Let's say you have a pod that needs four cores, but your Kubernetes cluster is just comprised of two core VMs. In this case, your pod will never be scheduled.

So unless your app is specifically designed to take advantage of multiple cores things like scientific computing, and some databases, it's usually a best practice to keep the CPU request at one or below, and then run more replicas to scale it out. This gives the system more flexibility and more reliability.

When it comes to CPU limits, things get interesting. So CPU is consider a compressible resource. If your app starts hitting your CPU limits, Kubernetes will start to throttle your container. This means your CPU will be artificially restricted, giving your app potentially worse performance. However, it won't be terminated or evicted.

Memory resources are defined in bytes. Normally, you give a mebibyte value from memory. But you can give it anything from bytes to petabytes. Just like CPU, if you put a memory request that's larger than the amount of memory on your nodes, the pod will never be scheduled.

Kubernetes pods lifecycle

At the end of the day, these resources requests are used by the Kubernetes scheduler to run your workloads. And it's kind of important to understand how this works so you can tune your containers correctly.

So let's say you want to run some pods on your cluster.
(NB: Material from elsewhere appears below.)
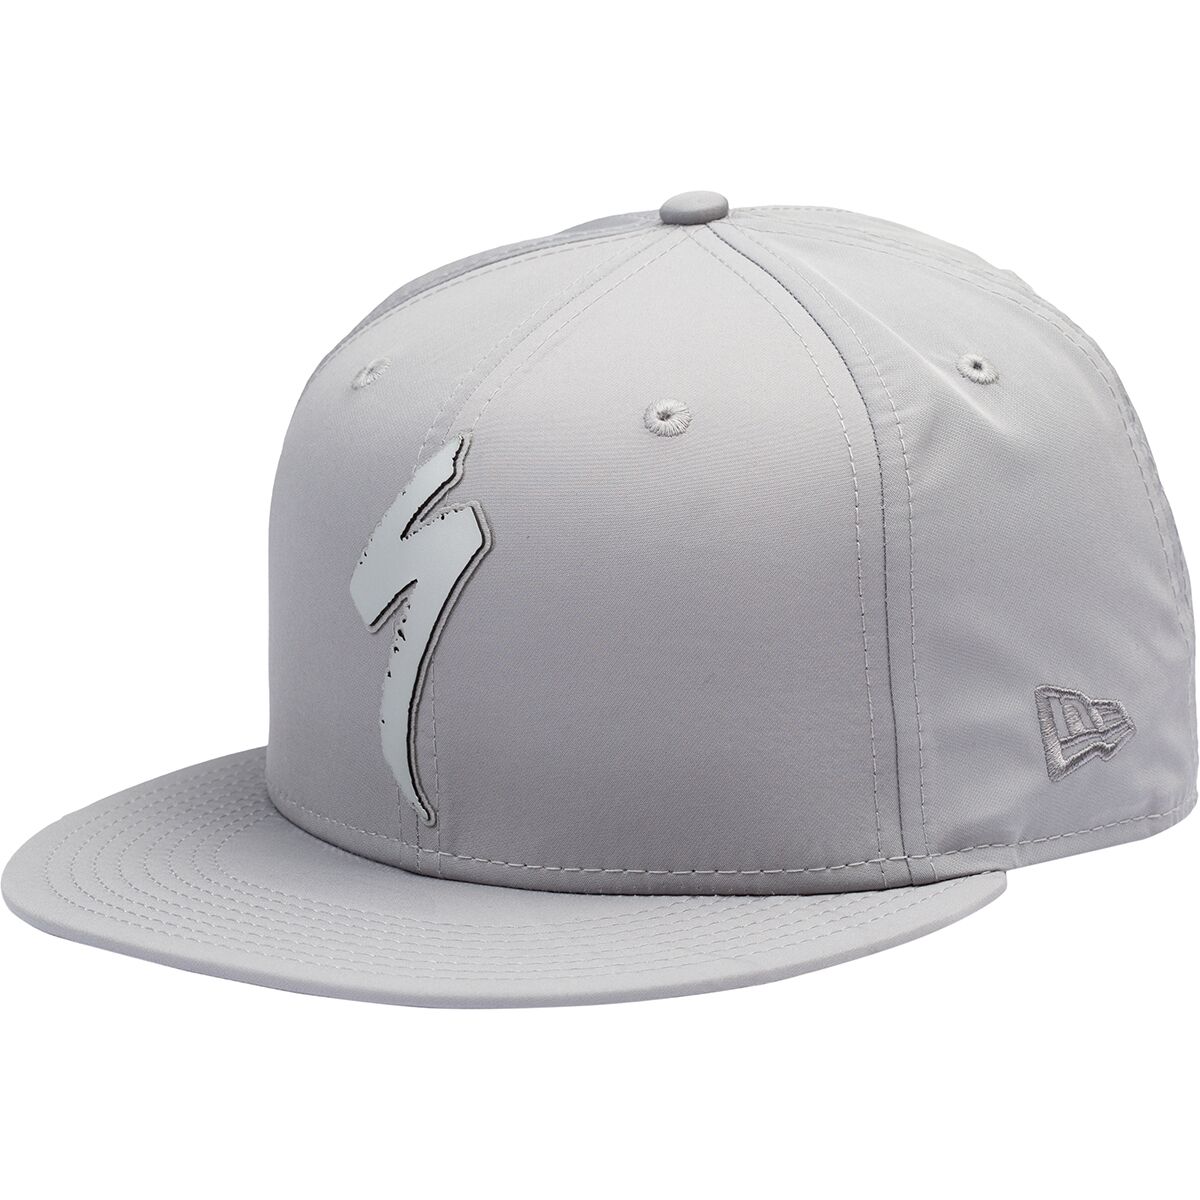 Specialized New New Era 9Fifty Snapback Specialized Hat
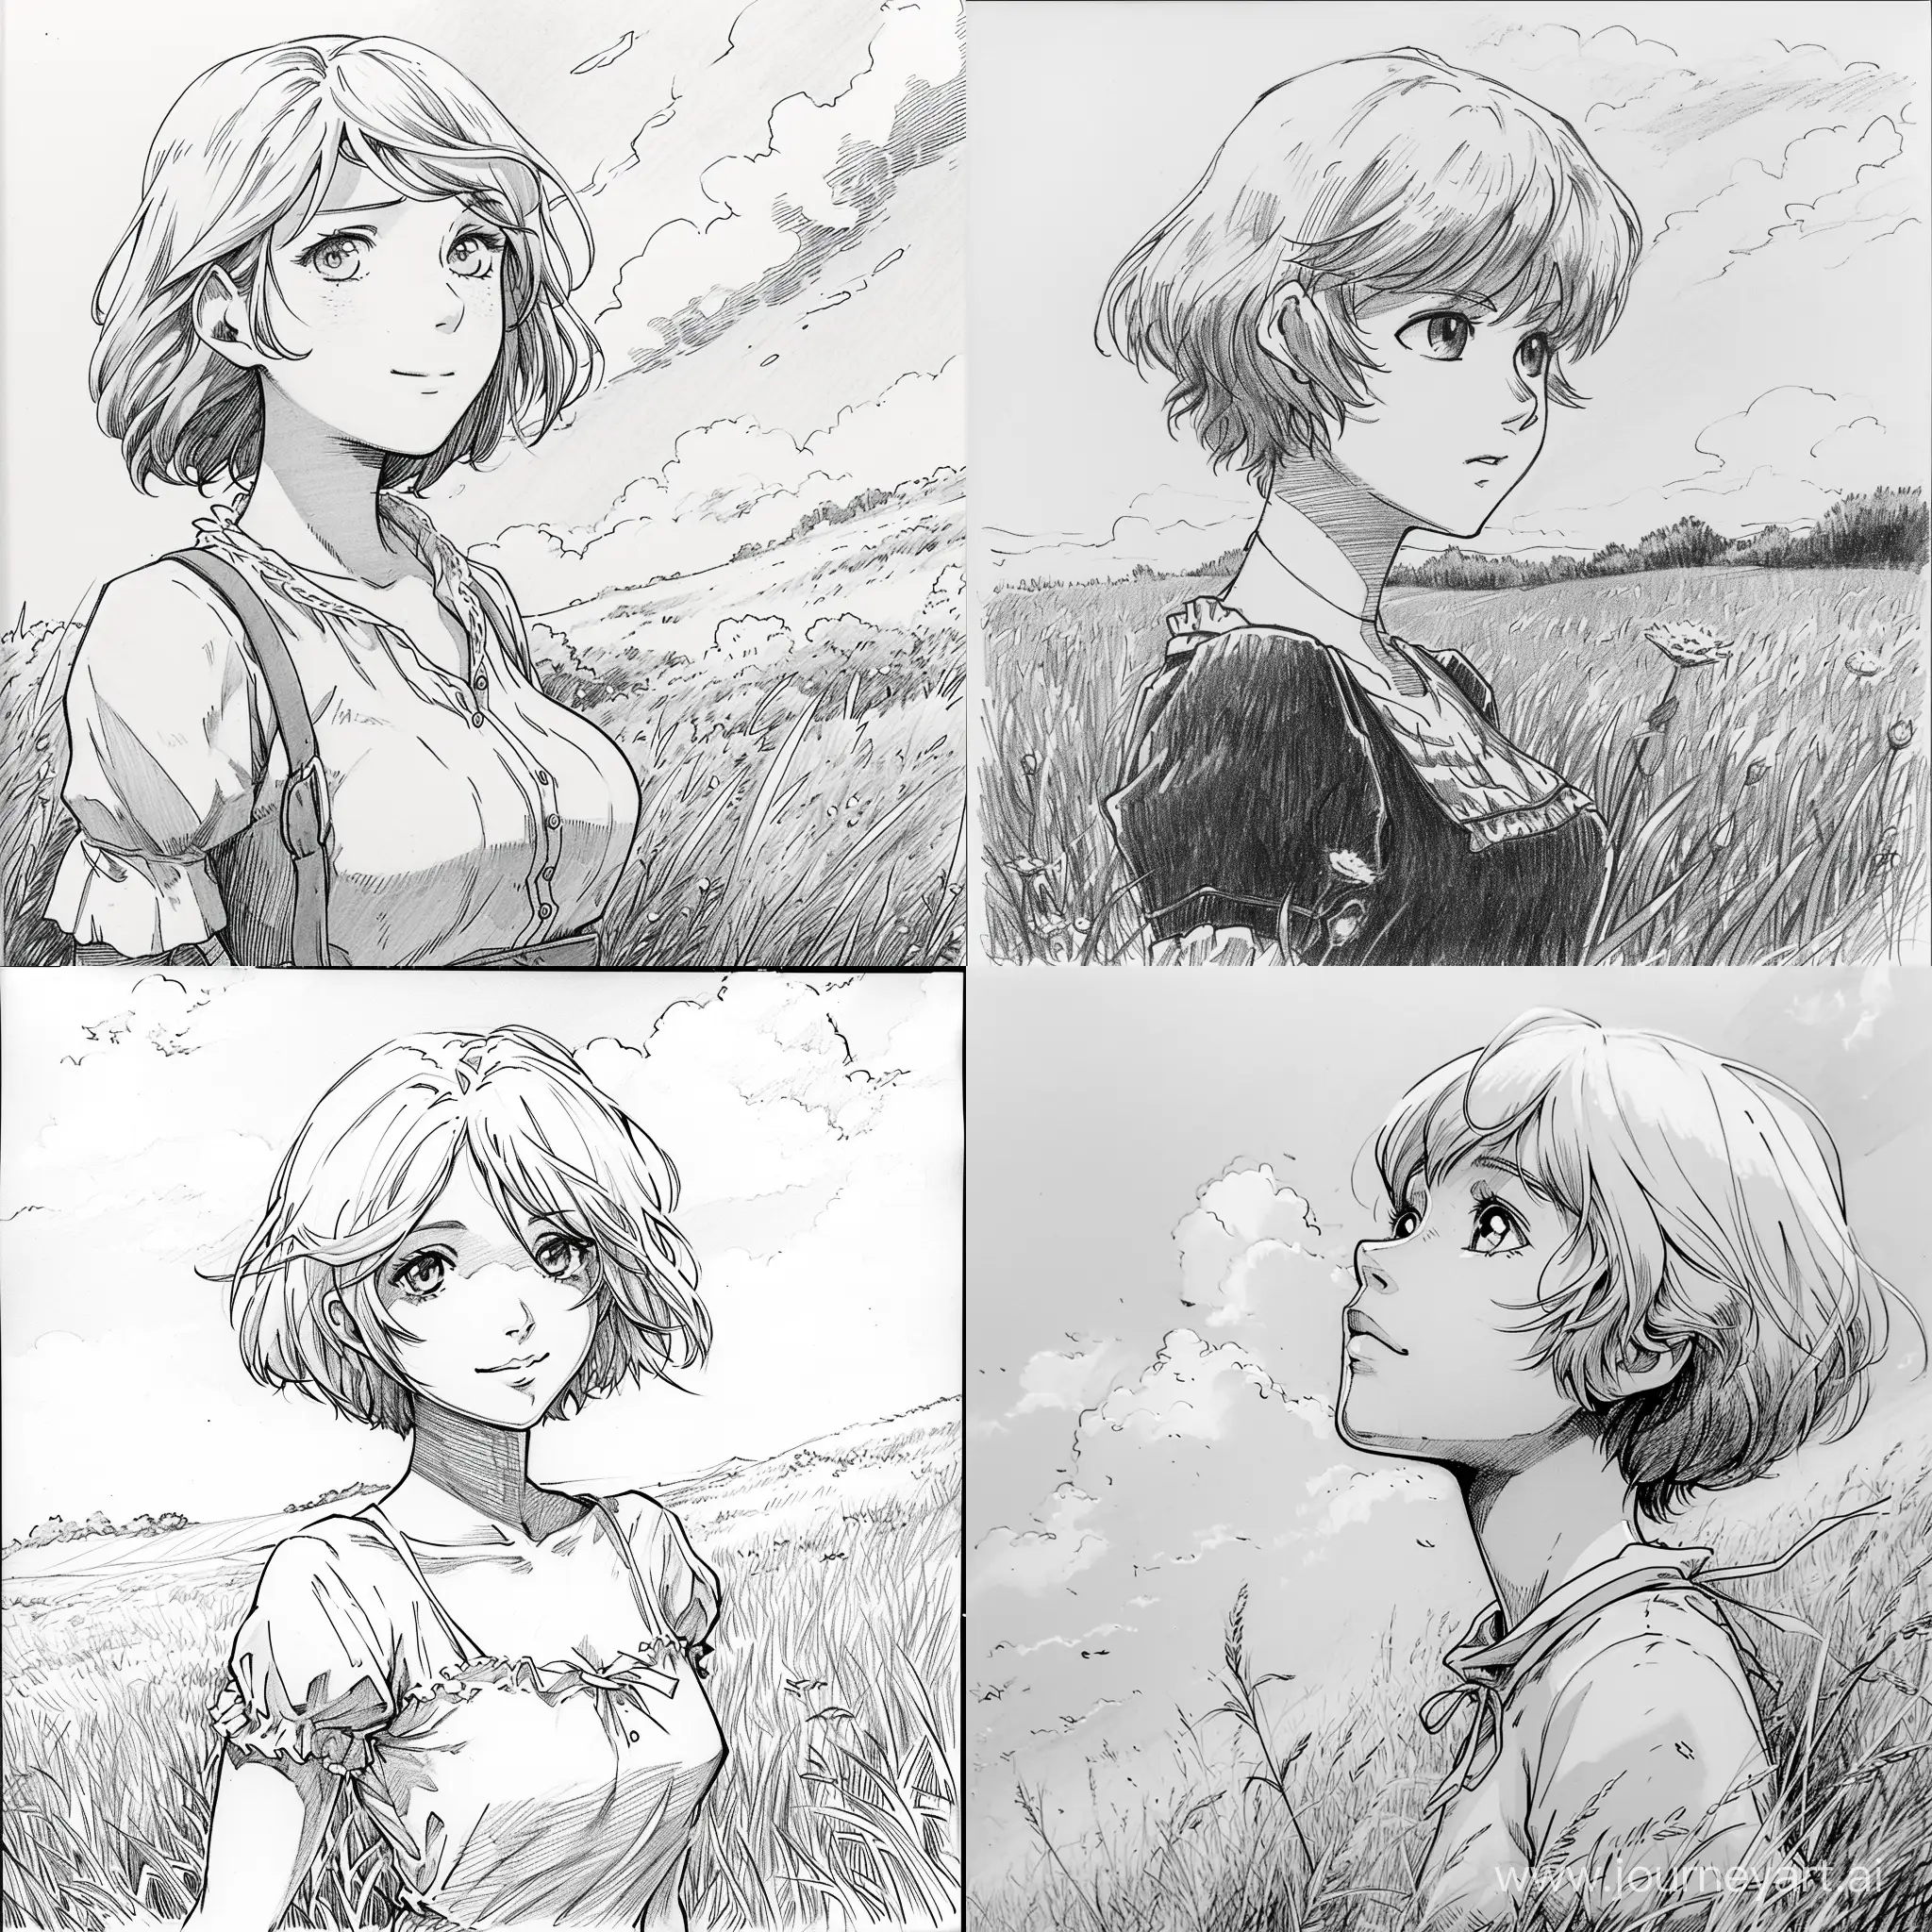 В чёрно-белом цвете, нарисовано карандашом, в стиле старого аниме, женщина, пастушка, молодая, с короткими светлыми волосами, на лугу

Assuming the pod specifications are valid, the Kubernetes schedule will use round robin load balancing to pick a node to run your workload.

So Kubernetes will check if the node has enough resources to fulfill the request on the pod's containers. If it doesn't, then it'll move on to the next node. If none of the nodes in the system have resources left to fill the requests, then pods go into a pending state.

By using Google Kubernetes engine's features, such as the node autoscaler, GKE can automatically detect a state and then create more nodes automatically. And then if there's an excess capacity of nodes, the autoscaler can scale it down and remove nodes to save you money.

So Kubernetes schedule these pods based on the requests. But a limit can be higher than the requests, right?

So this means that in some scenarios a node can actually run out of resources.
And we call this an overcommitted state. So when it comes to CPU, like we said before, Kubernetes will start to throttle the pods. Each pod will get as much as it requested, but it might not be able to go up the limit. We'll start throttling it down.

But when it comes to memory, Kubernetes has to make some decisions on which pods to kill and which part to keep until you free up system resources. Otherwise, the whole system will crash.